Lateral grafide başparmak işareti görülür:
IV Sefalosporin tedavide ilk seçenek olmalı. Steroidlerle obstrüksiyonu azaltmak denenmeli.
6 yaş altı çocukların tedaviye uyumu azalacağından sıklıkla entübe edilmeleri daha güvenli bir seçenek.
Trakeit
Genellikle 5 yaş altı çocuklarda sık görülür ama 3 ay – 13 yaş arasında rastlanabilir. Genelde üst solunum yolu enfeksiyonlarından 2-7 gün sonra ateş, stridor, havlar tarzda öksürük ve seste kalınlaşma ile kendini belli eden pürülan debris ve psödomembran ile karakterize trakea iltihabıdır.

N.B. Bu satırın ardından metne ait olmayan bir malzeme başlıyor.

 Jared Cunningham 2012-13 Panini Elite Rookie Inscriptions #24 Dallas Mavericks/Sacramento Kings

İnflamasyon nedeniyle daralan havayolu nedeniyle stridor duyurlur. Disfaji ve salya akması olmaması diğer ayırıcı tanılardan farkıdır. En sık olarak S.Aureus, Hib ve S. Pneumonia kökenli oluşur.

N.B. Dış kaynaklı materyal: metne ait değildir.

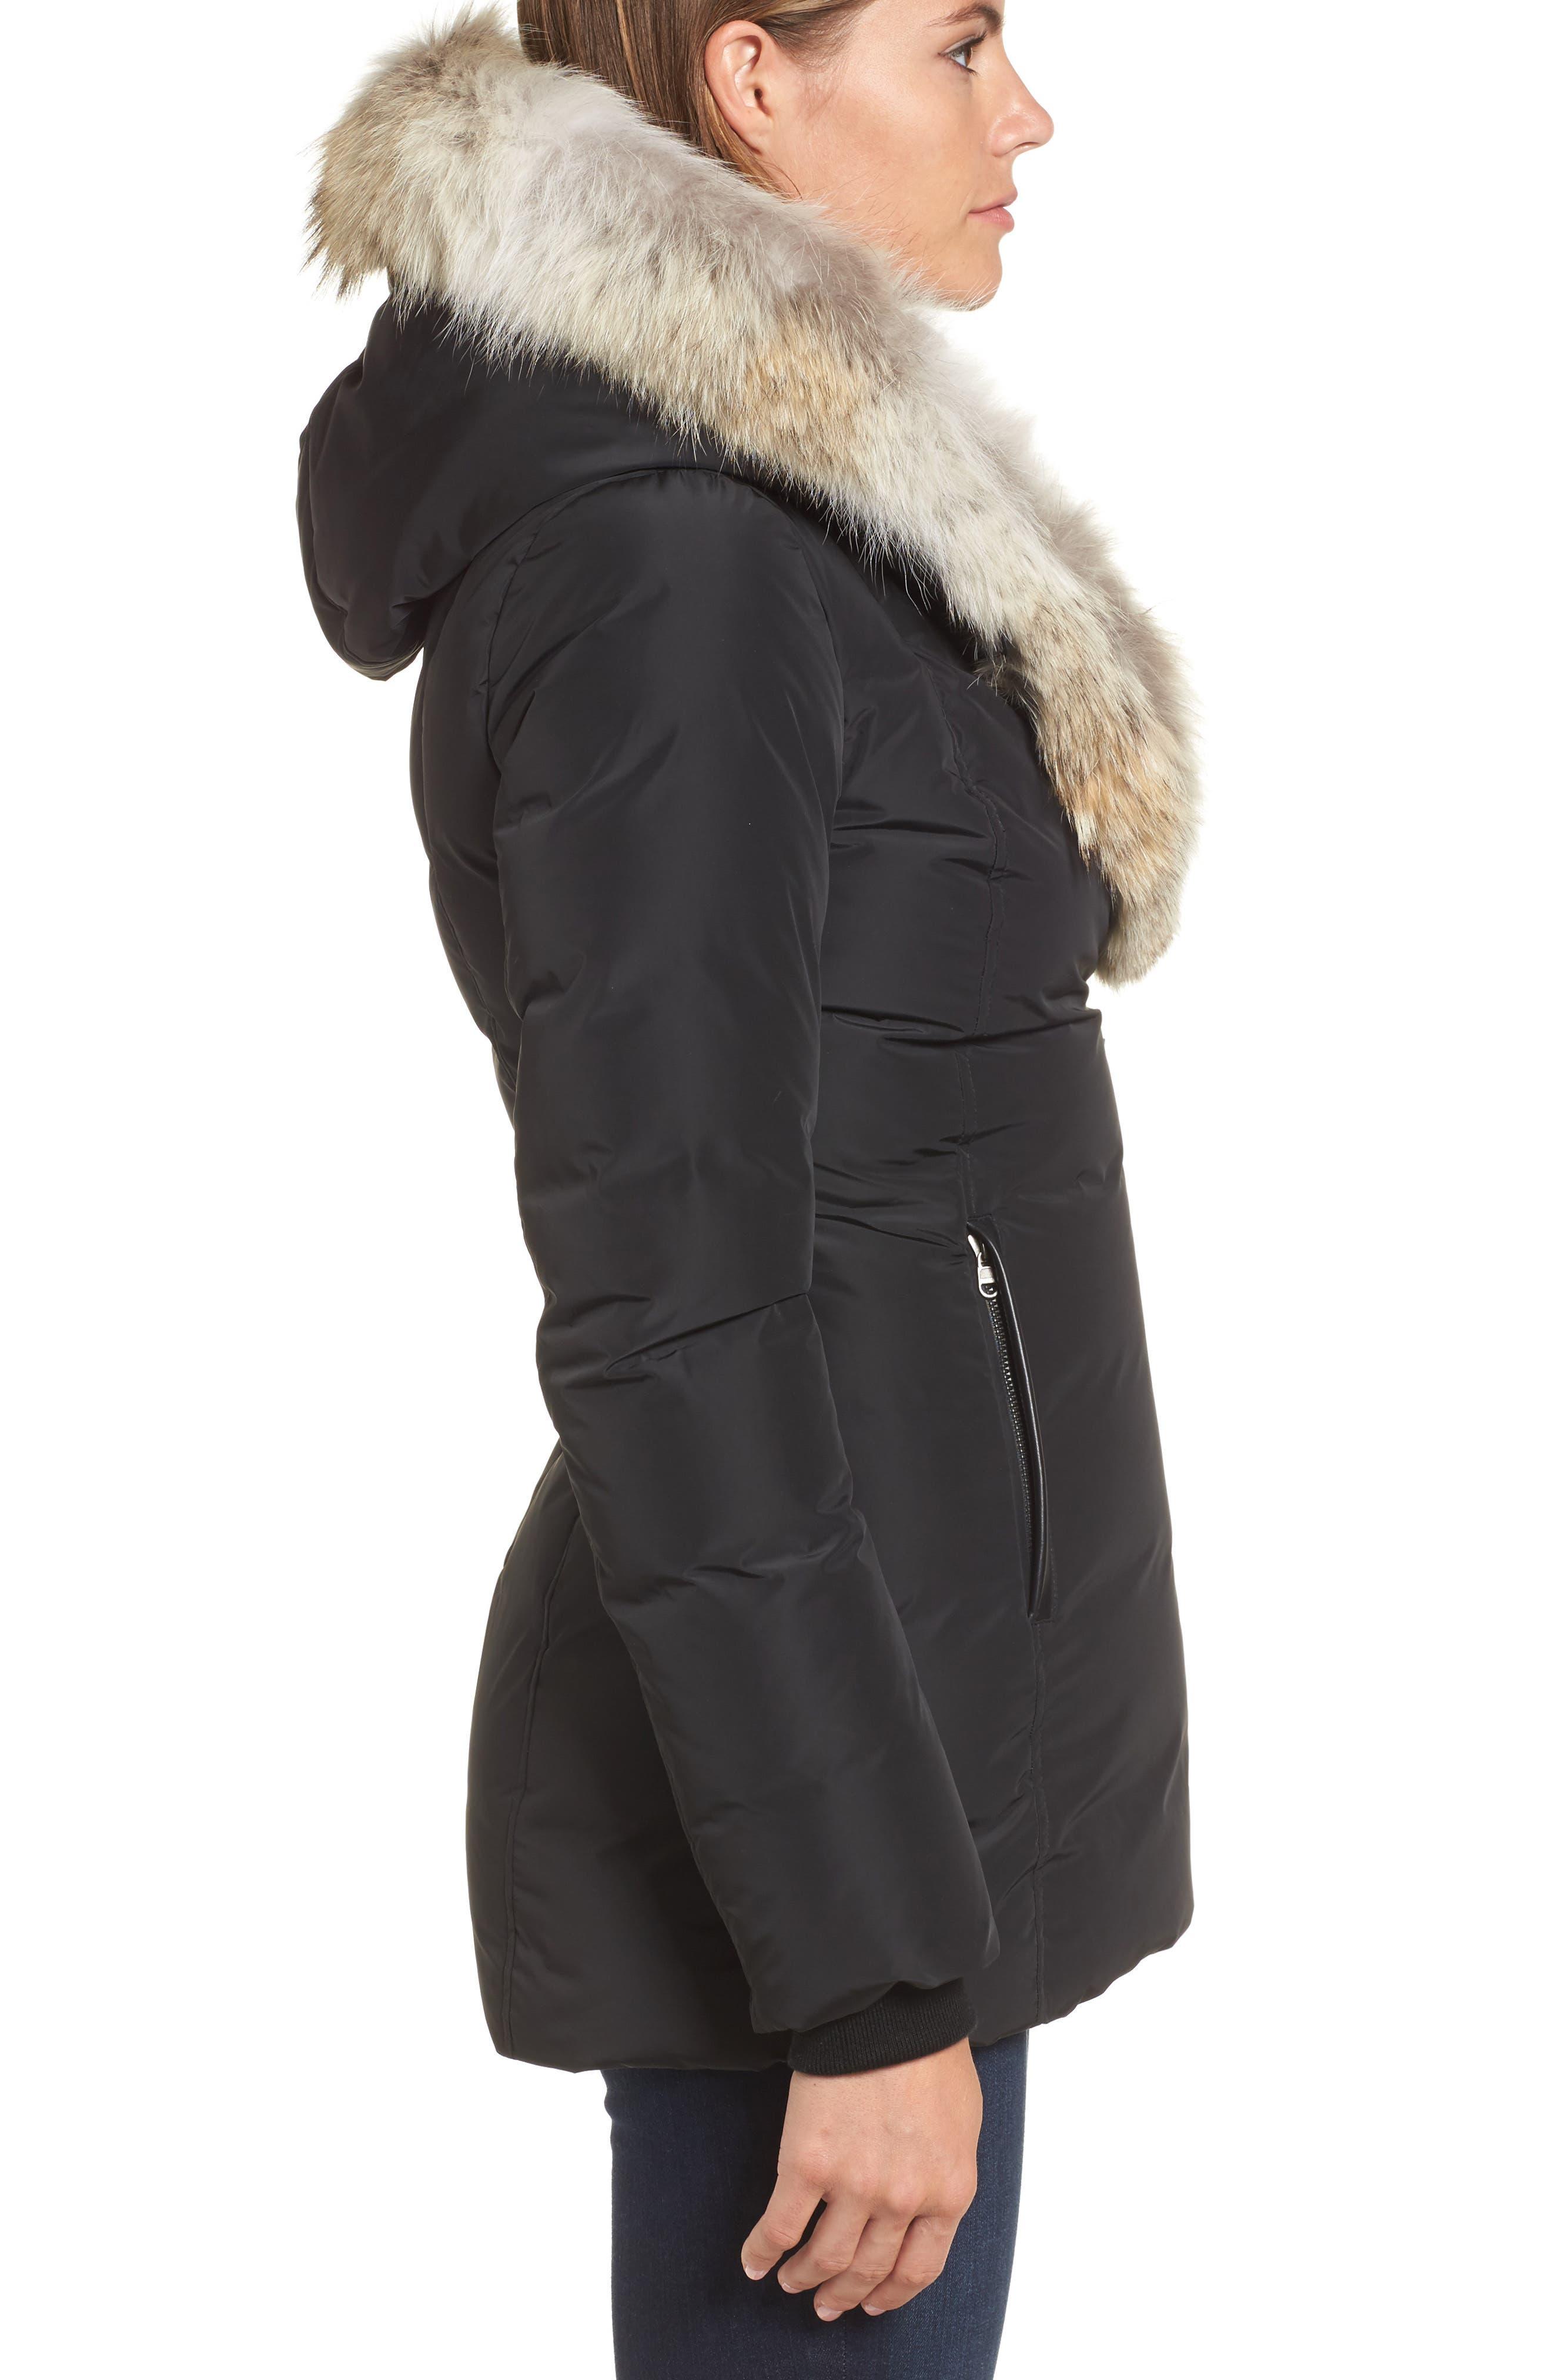 MACKAGE, Hooded Down Parka with Inset Bib & Genuine Fox Fur Trim, Alternate thumbnail 4, color, 001

IV sefalosporin + beta laktamaz dirençli penisilin ya da klindamisn ile tedavi edilir. Hastane yatışı yapılarak takibi gerekir.

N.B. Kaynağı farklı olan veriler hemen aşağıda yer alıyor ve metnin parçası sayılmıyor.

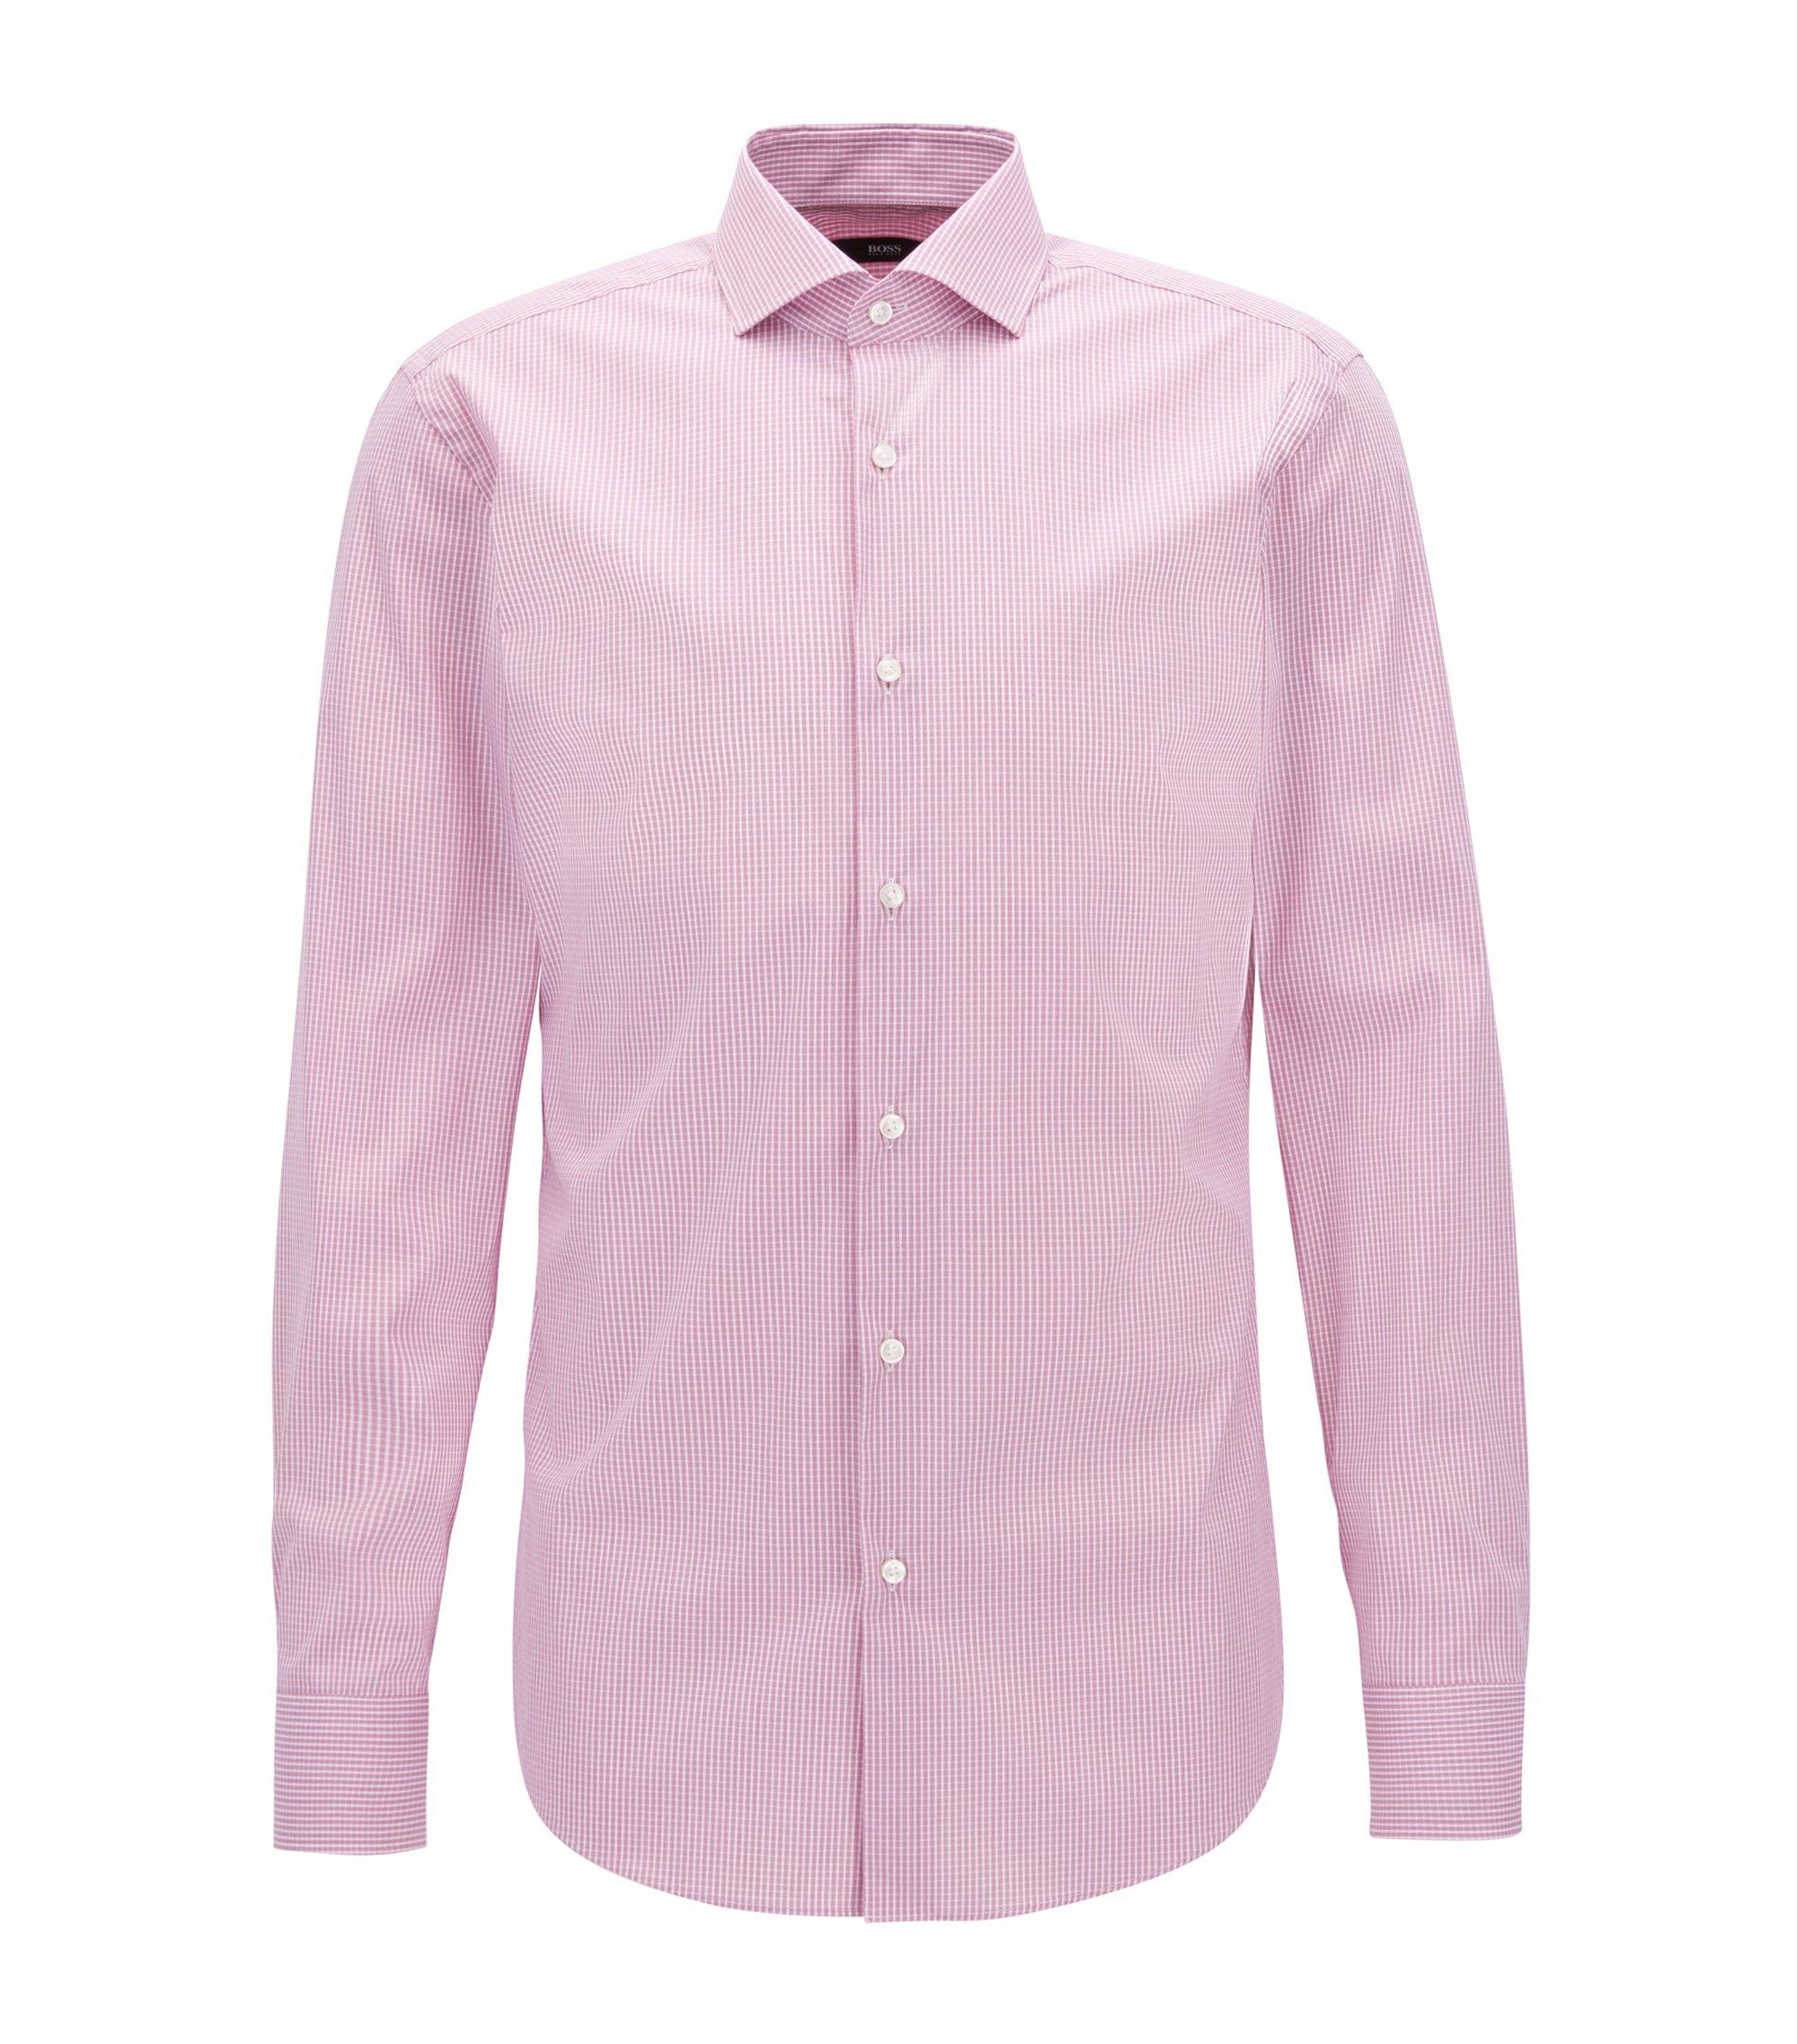 Checked Stretch Cotton Dress Shirt, Slim Fit   Jason, Dark pink

Tintinalli’den faydalanarak hazırladığım tablo bu klinik durumları özetliyor:
Krup | Trakeit | Epiglotit | Peritonsiller Abse | Retrofaringeal Abse | Yabancı Cisim Aspirasyonu | |
---|---|---|---|---|---|---|
Etken | Parainfluenza Tip 1 ve 3 | S. aureus S.pneumoniae H.influenza | S.pneumoniae S. aureus H.influenza | Polimikrobiyal S.pyogenes S.aureus | Polimikrobiyal S.pyogenes S.aureus | Genellikle gıda en sık fıstık |
Yaş | 6ay - 3yaş | 3ay -13 yaş | Tüm yaşlar klasik 1-7 yaş | 10-18yaş | 6ay - 4yaş | %80 <3yaş 6ay-5yaş |
Başlangıç | 1- 3 gün | 2-7 gün viral üsye sonrasında 8-12 saatte kötüleşme | Hızlı, saatler içinde | Farenjit sonrası | ÜSYE veya travma sonrası 2-3 gün | Ani veya gecikmiş |
Stridor | İnspiratuar + Ekspiratuar | İnspiratuar + Ekspiratuar | İnspiratuar | Nadir | Ciddi vakalarda inspiratuar | Lokalizasyona göre İnspiratuar + Ekspiratuar |
Öksürük | Havlama tarzı | Yoğun balgamlı | yok | yok | yok | Kısa süreli ve pozisyonel - tedavide etkin! |
Ses | Kısık ama boğuk değil | Sıklıkla normal | Boğuk, ağızda sıcak patates varmış gibi | Boğuk, ağızda sıcak patates varmış gibi | Boğuk, ağızda sıcak patates varmış gibi | Lokasyona bağlı |
Salya akması | Yok | nadir | var | sık | var | nadir |
Son Söz
- Stridor + ateş hemen krup düşündürse de %20 hastada diğer tanılar unutulmamalı.
- Öncesinde iyi olan çocukta ateş olmaksızın akut stridor = YABANCI CİSİM düşünülmeli.
- Eğer epiglotit şüpheniz varsa abeslang kullanmayın.
- Anaflaksi düşündüğünüz hasta adrenaline yanıt vermiyorsa Anjiyoödem düşünün.